Peyron's simple, noble and severe composition is known only from an engraving.
David's work was turbulent, theatrical and lacking in gravity, giving no hint of Seneca's dignified and restrained suicide, forced on him by order of the tyrannical Emperor Nero.
Instead, the painting seems more concerned with the emotional farewell between Seneca and his wife Paulina.

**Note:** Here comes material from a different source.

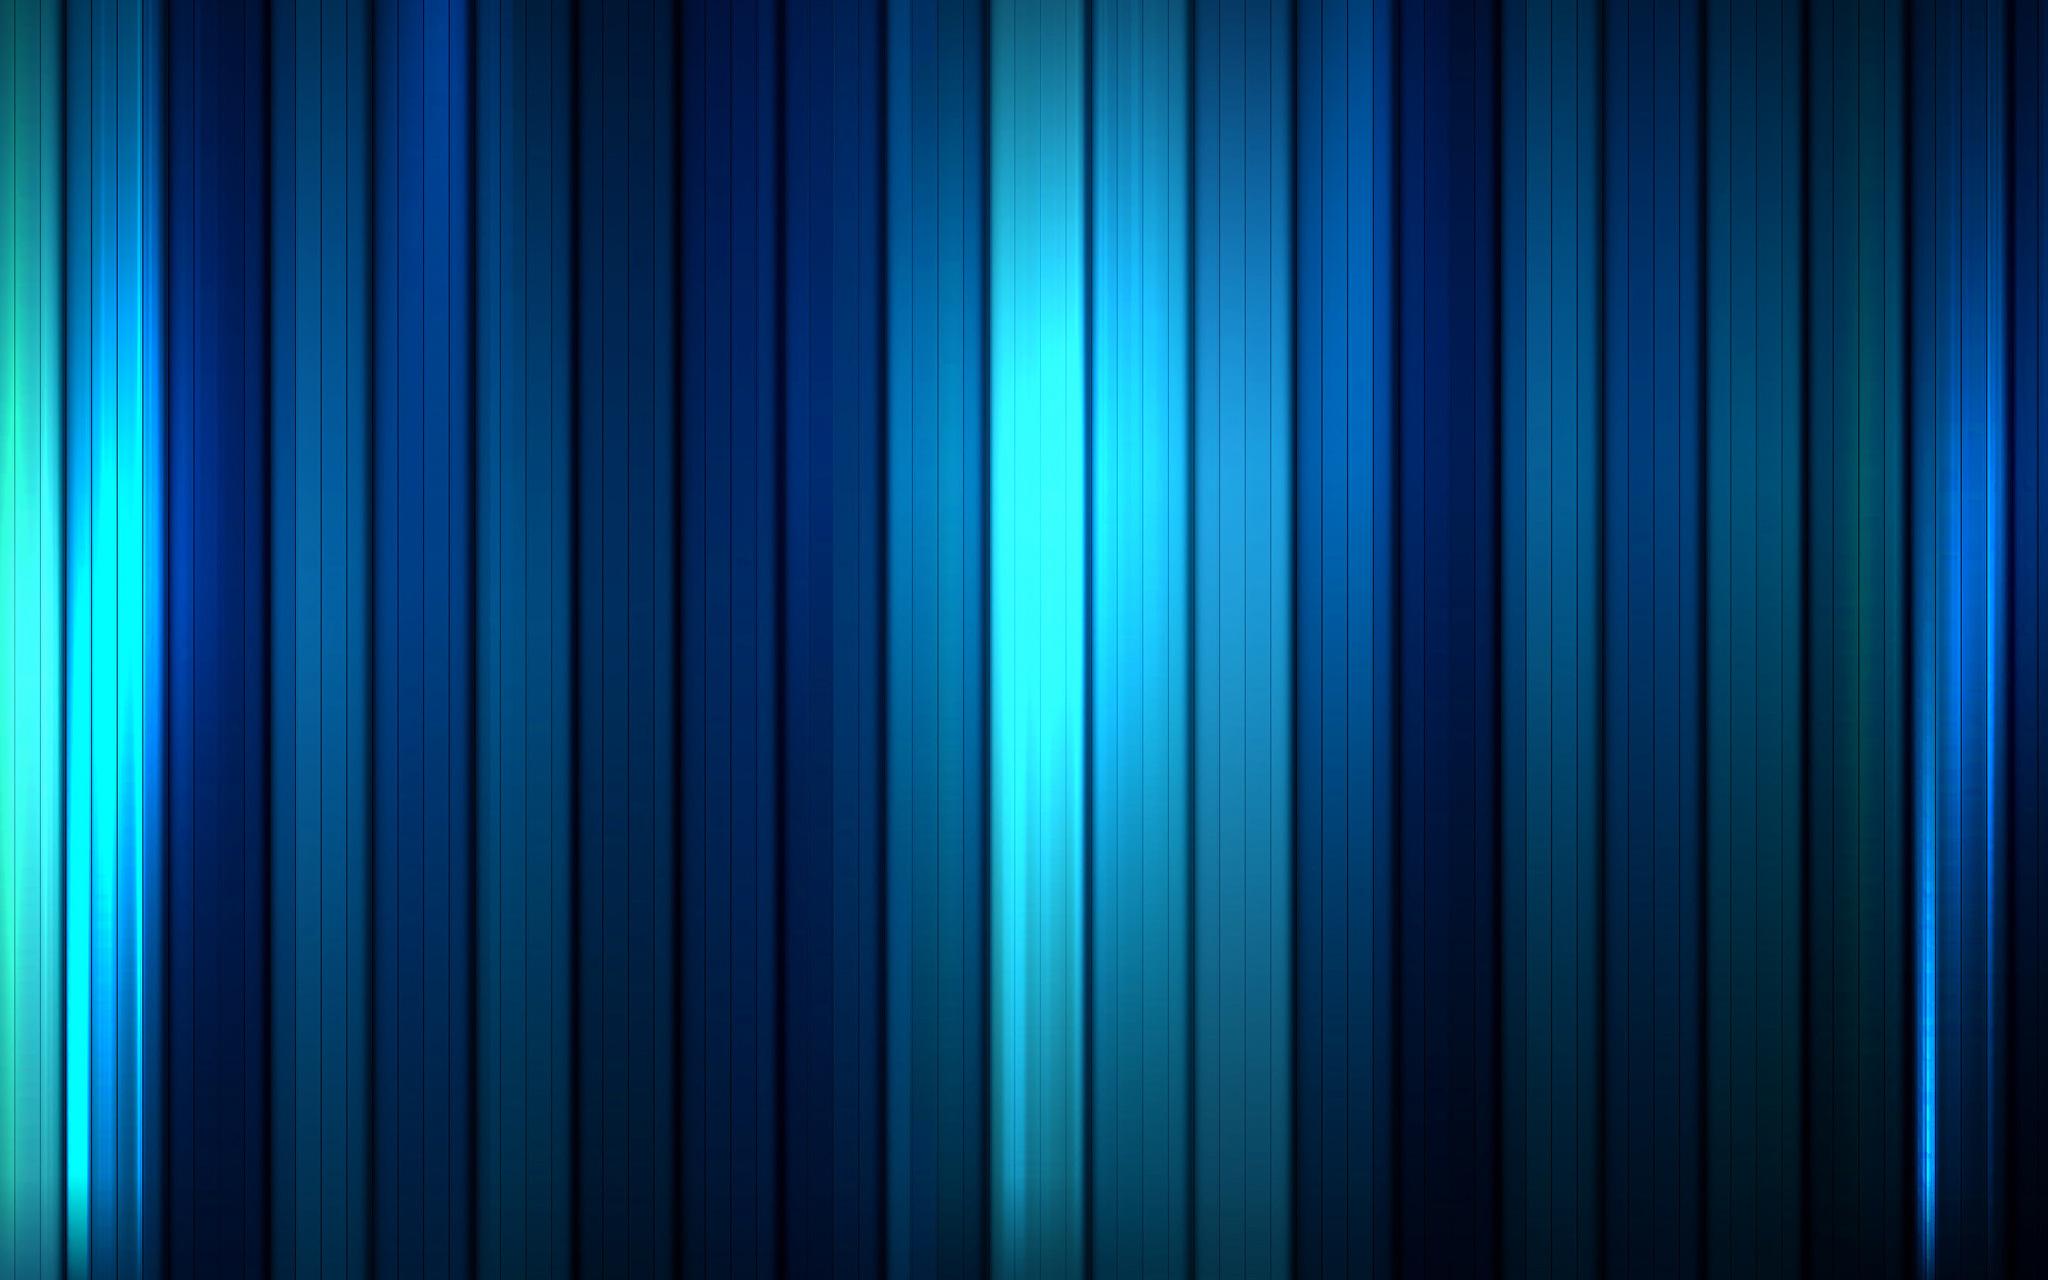 Blue Stripes Presentation Template for Keynote

PEYRON, Jean-Francois-Pierre
(1744 Aix-en-Provence - 1814, Paris)

The Death of Socrates
1787 Oil on canvas, 98 x 133 cm
Statens Museum fur Kunst, Copenhagen

Peyron's The Death of Socrates, commissioned by d'Angiviller for the Crown, was in competition with Jacques-Louis David's work of the same subject.
David's confidence in surpassing his rival, coupled with his aggressive and ambitious nature, make it very possible that he chose to paint his own Socrates when he learned of Peyron's plans.
The force and clarity of David's version was thrown into even sharper relief by the lack of drama and focus in Peyron's work, and both the public and critics declared David's work to be far superior.
David eclipsed his long-time rival once and for all, and from then on Peyron had to be content with a subordinate role in the art world.